The Australian government has a target for reducing emissions by between 26 and 28 per cent by 2030, compared with the United Kingdom’s target of 78 per cent by 2035 and the United States’ goal of 50-52 per cent by 2035.
The government is expected to come under international pressure during the COP26 talks to increase its 2030 goals, though some of its MPs, particularly in the Nationals, are concerned about the economic and political cost of increased action.
ACF chief executive Kelly O’Shanassy said the group commissioned the polling because it believes time is running out to stop run away climate warming, and it expects key decisions to be made on Australia’s efforts in the lead up to COP26 and the next election.

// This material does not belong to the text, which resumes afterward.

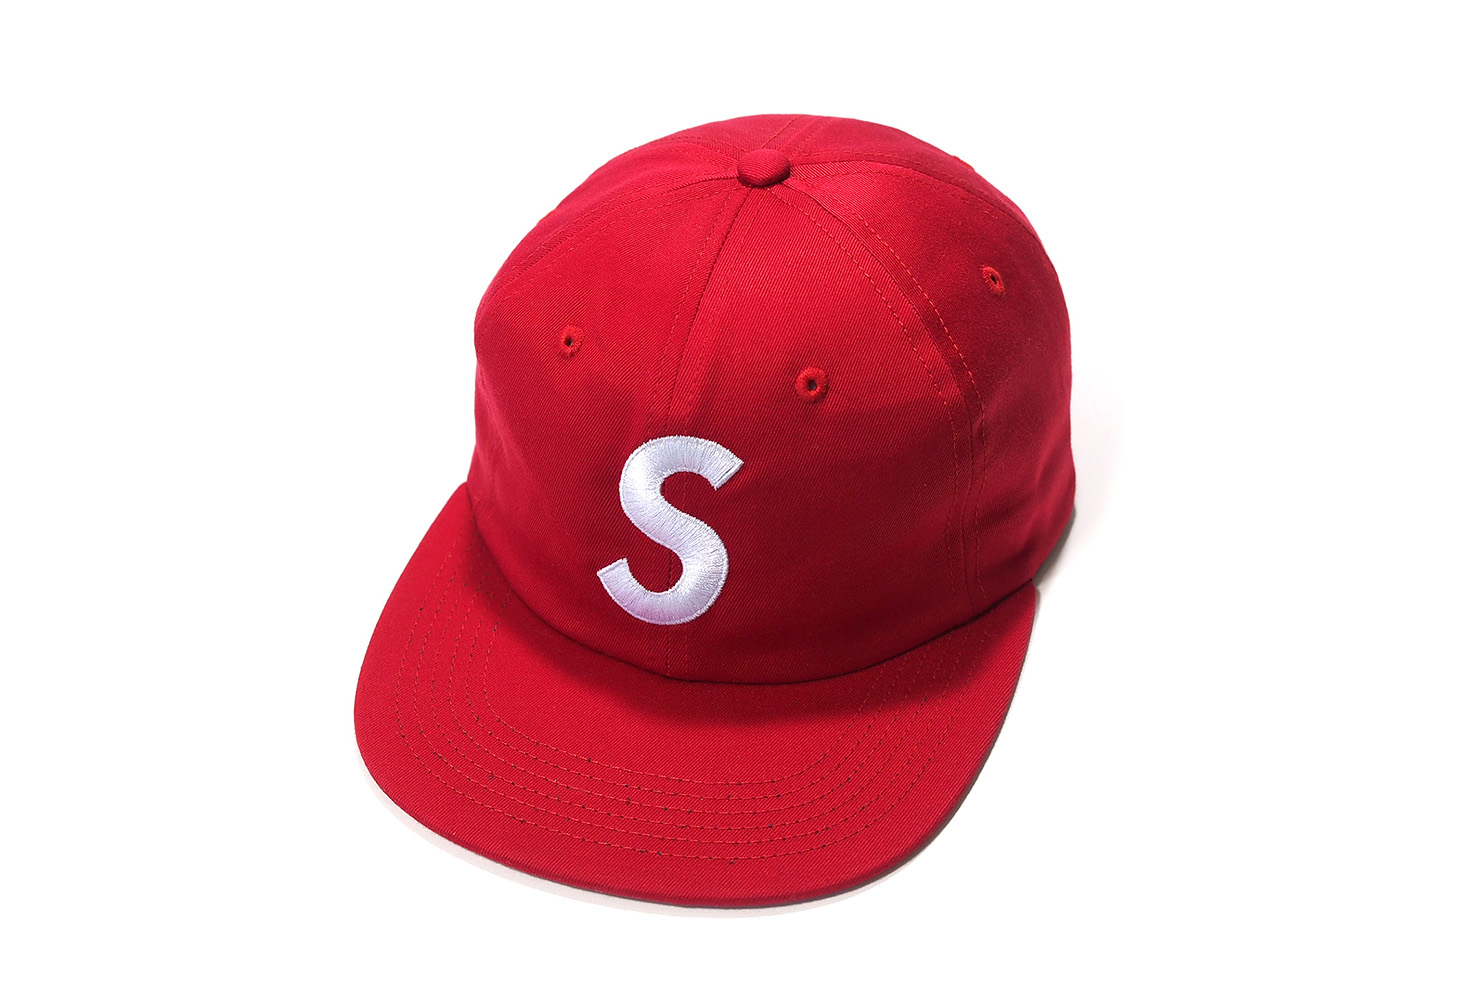 Supreme S Logo 6-Panel Cap ρуρуρуAprilroofs

“We also wanted to get polling down to an electorate level if we could possibly do it because that was a good way of measuring the diversity of views in Australia, but it’s also a good piece of information for MPs to see whether they are doing what their constituents want done.”
She said she was not surprised by the overwhelming support for renewable energy the survey found, but was that those views were shared in so-called coal seats.

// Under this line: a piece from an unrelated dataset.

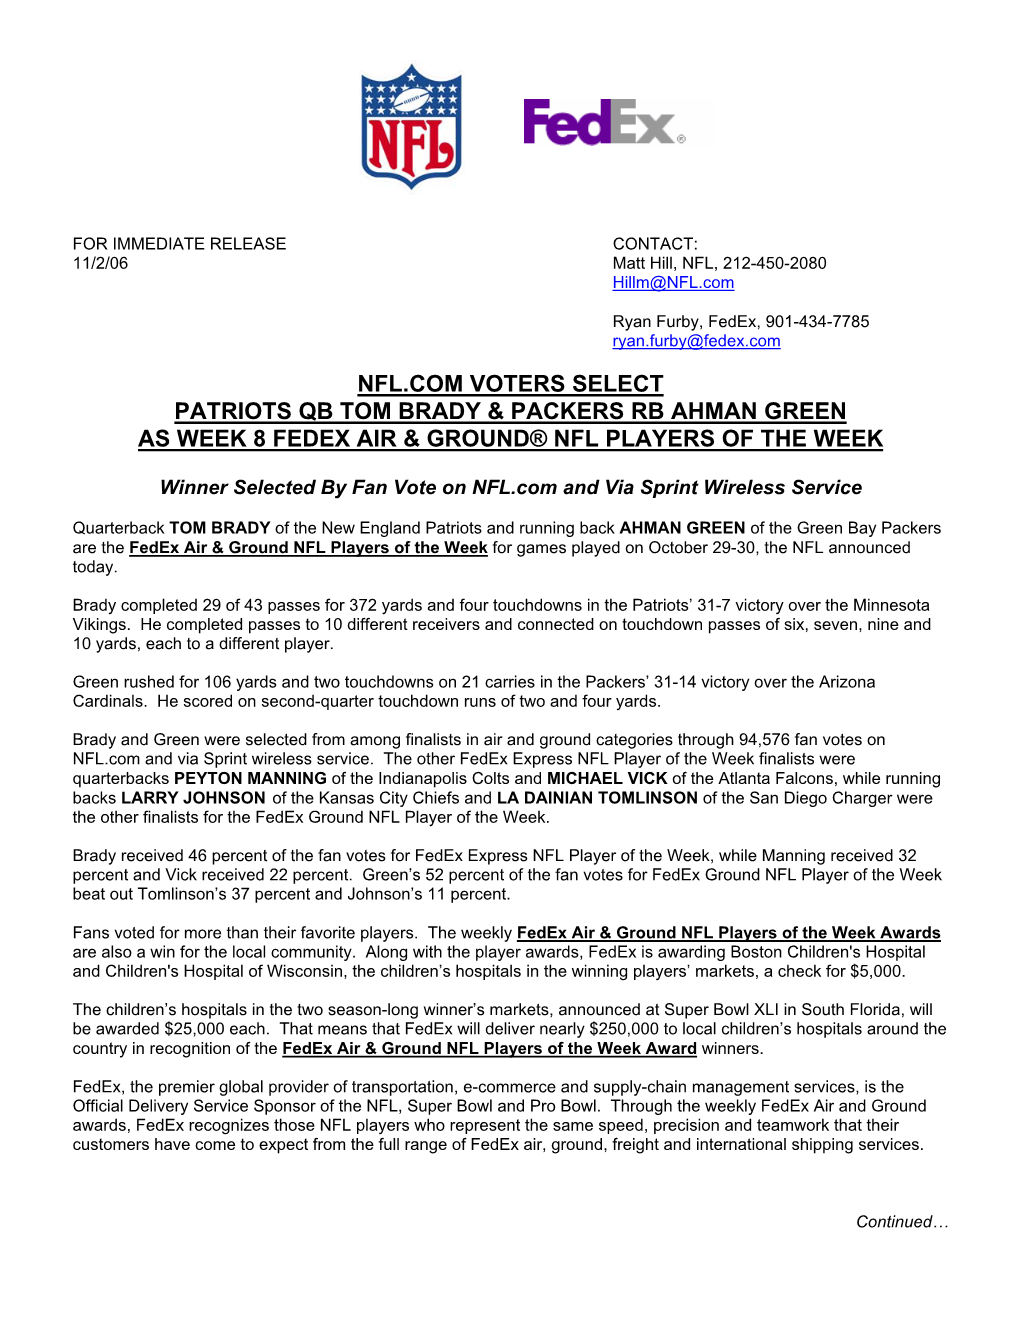 Nfl.Com Voters Select Patriots Qb Tom Brady & Packers Rb Ahman Green As Week 8 Fedex Air & Ground® Nfl Players of the Week

“Even the electorates that have coal and gas communities in them are rejecting the idea of coal and gas being a big part of our energy future going forward,” she said.
The poll found that in the Queensland regional electorates of Flynn, Capricornia, Maranoa and Dawson support for new coal and gas-fired power projects is 40 per cent or less.

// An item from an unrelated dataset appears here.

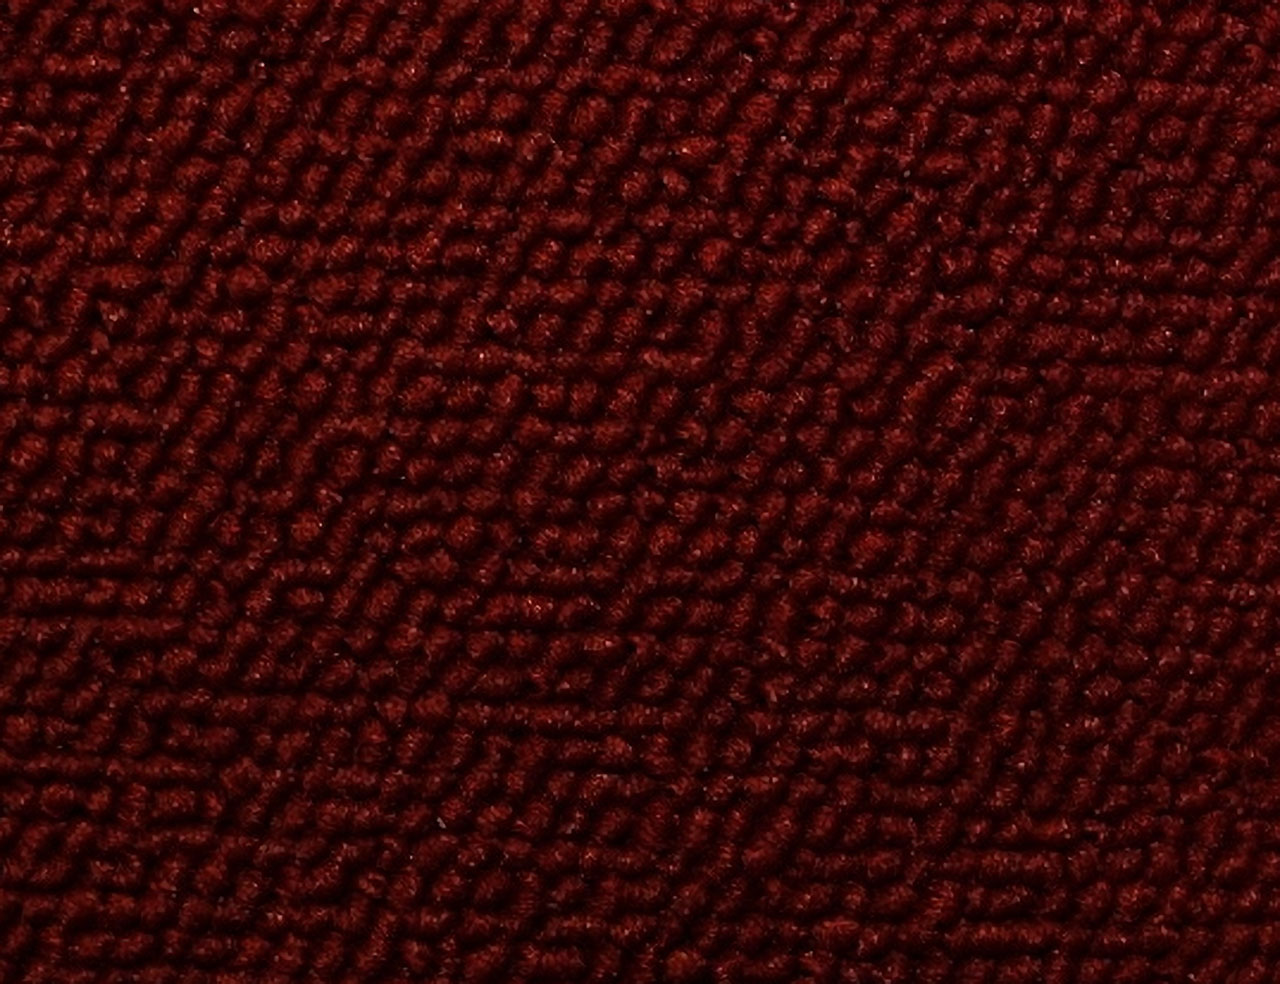 Holden Standard EH Standard Wagon C23 Bolero Red Carpet (Image 1 of 1)

One LNP adviser who asked not to be named said that if the poll was correct and held true until the election it suggested that climate could present a political problem in some seats in the next election.
He noted, for example, that the research suggested that in battleground seats like Gilmore, Eden Monaro and Macquarie concern about climate was high. Because all these seats had been hit hard by Black Summer bushfires he expected that concern to be maintained until the election.
But he warned that in other seats voter concerns may shift from climate as the campaign began.
A second Coalition strategist said he was not surprised by the finding that concern about climate change was widespread in rural and regional electorates, and the government was aware that this was the case.
He said the government’s mantra of “technology not taxes” was based on an astute understanding that Australians want to see climate action but did not want some communities unfairly penalised to achieve it.
He said that if the poll asked had asked voters how much they were willing to spend on climate action, or what their communities should sacrifice to act on climate, its results would have been significantly different.
Cristina Talacko, chairwoman of Coalition a pro-climate action group aligned with the Liberal and National parties said the finding about the level of concern about climate change among rural and regional voters was significant.
She said the perceived divide on climate change between rural and urban voters had been used as an argument against taking stronger action was disproved by the poll.
“This has been the major problem [for those in the parties wanting more action]. It has always been the argument that a lot of Nationals utilise,” she said.
“The cities and regions more or less have the support level to support renewables, and they support the transition, they support a target,” she said.
“That’s strategically that’s what [Nationals MPs] have to look at.”
How the survey was carried out
YouGov surveyed 15,000 people across all 151 Australian seats and then conducted what is known as multilevel regression with post-stratification on the sample using Australian Bureau of Statistics data. The process is based on the principle that people with similar characteristics tend to share common attitudes and attributes. The outcome of such an analysis is a prediction with a range. The numbers presented in the ACF report are mean estimates, which are typically very close to the middle of that range.